Odessa grain terminal on fire from Russian airstrike

Odessa grain terminal on fire from Russian airstrike

In the wake of Russia withdrawing from the Black Sea grain deal on Monday, the Kremlin announced on Wednesday that it will consider all ships traveling to Ukrainian ports as hostile vessels, escalating tensions at sea and further impeding Ukraine’s ability to export grain.

Russian forces will deem all Ukrainian-bound ships as potential carriers of military cargo, making commercial vessels potential targets. Moscow also suspended conventional safety guarantees to sailors in the areas where Ukraine’s main Black Sea ports are located. The threat will deter many commercial ships from exporting anything from Ukraine’s ports, even grain that many countries – especially in the Global South – depend upon.

Hours after pulling out of the deal, Russia began a bombing campaign targeting Odessa’s grain terminals that continued into Wednesday. The strikes destroyed 60,000 tons of grain, injured civilians, and sent a message to the world: Putin is not afraid to weaponize the world's food supply.
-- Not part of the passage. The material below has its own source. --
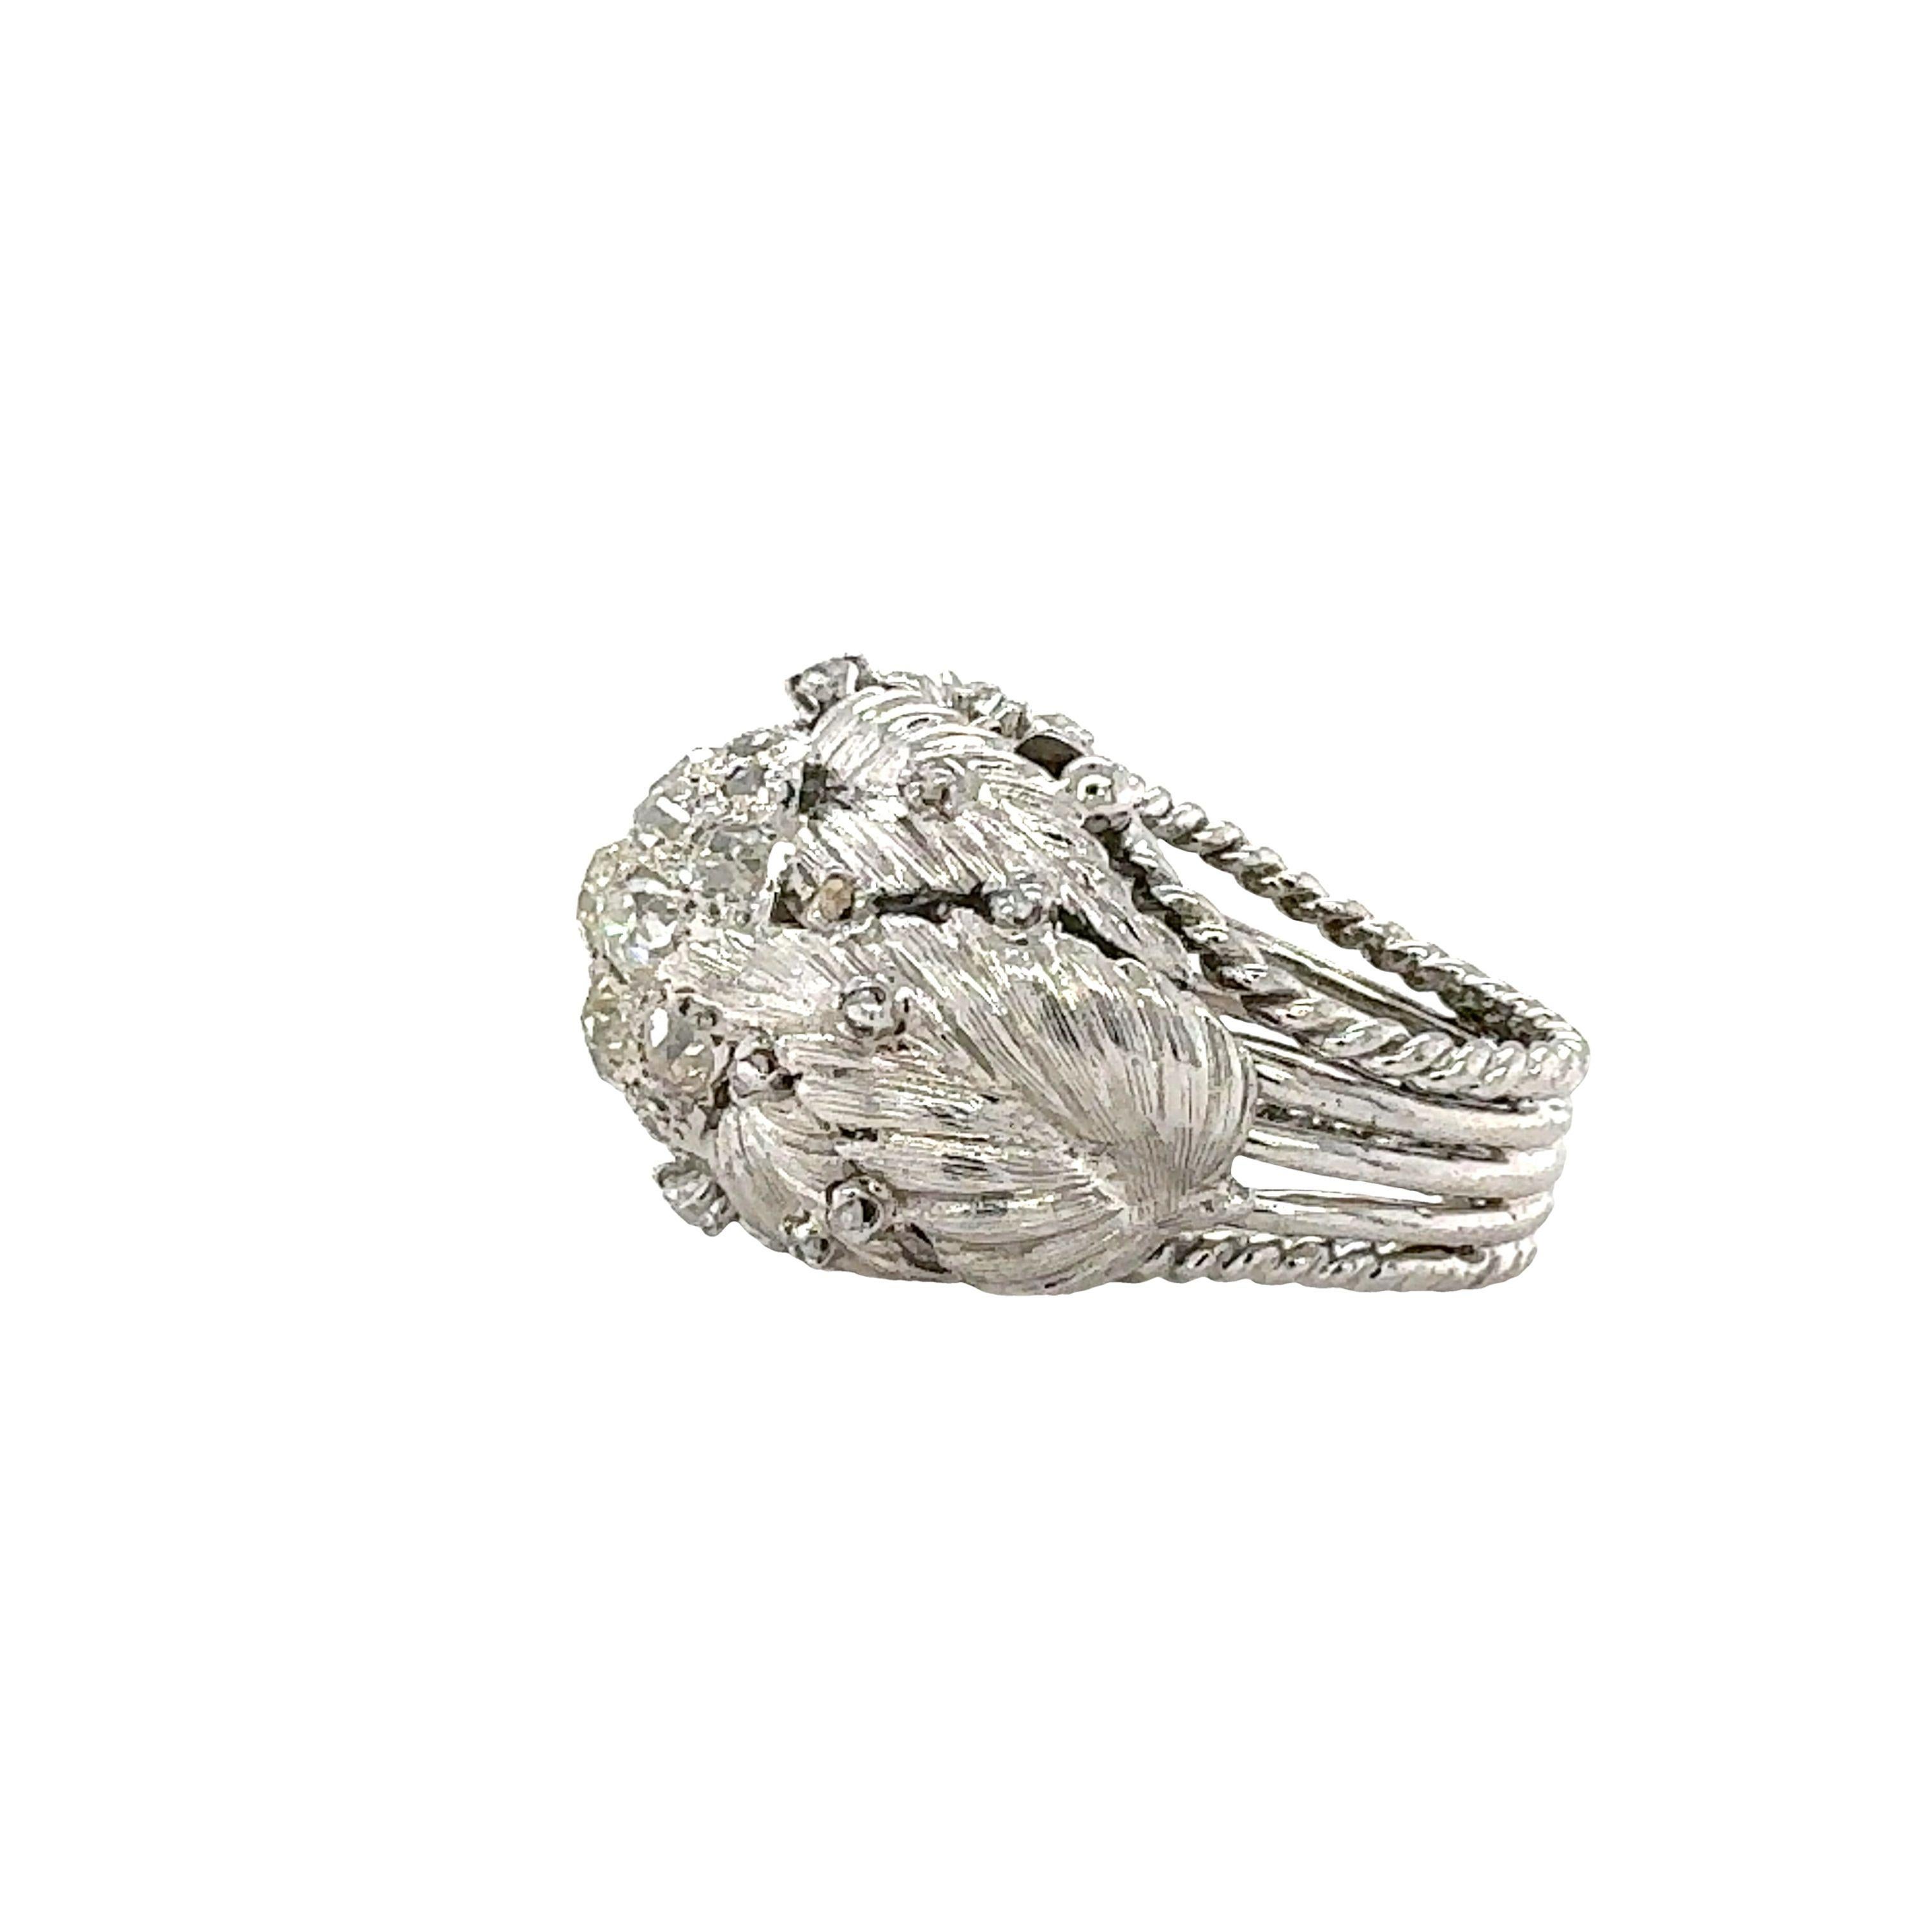 One mid-century diamond cluster, leaf and floral motif designer ring in 14K white gold featuring 39 old mine cut and rose cut diamonds totaling 1.42 ct. with J-K color and VS-2 clarity. 20 millimeters wide at top portion (north to south)

Metal: 14K

Ukrainian grain is a major stabilizer of global prices. Wheat prices had already risen 5% this week, thanks to Russia’s decision to pull out of the deal. They are expected to climb higher as the Black Sea becomes too dangerous for commercial shippers. Under the grain deal, 63% of Ukraine's grain exports were being shipped via Black Sea ports. Without those ports, exporters will have to use land routes, raising transportation costs by 38%.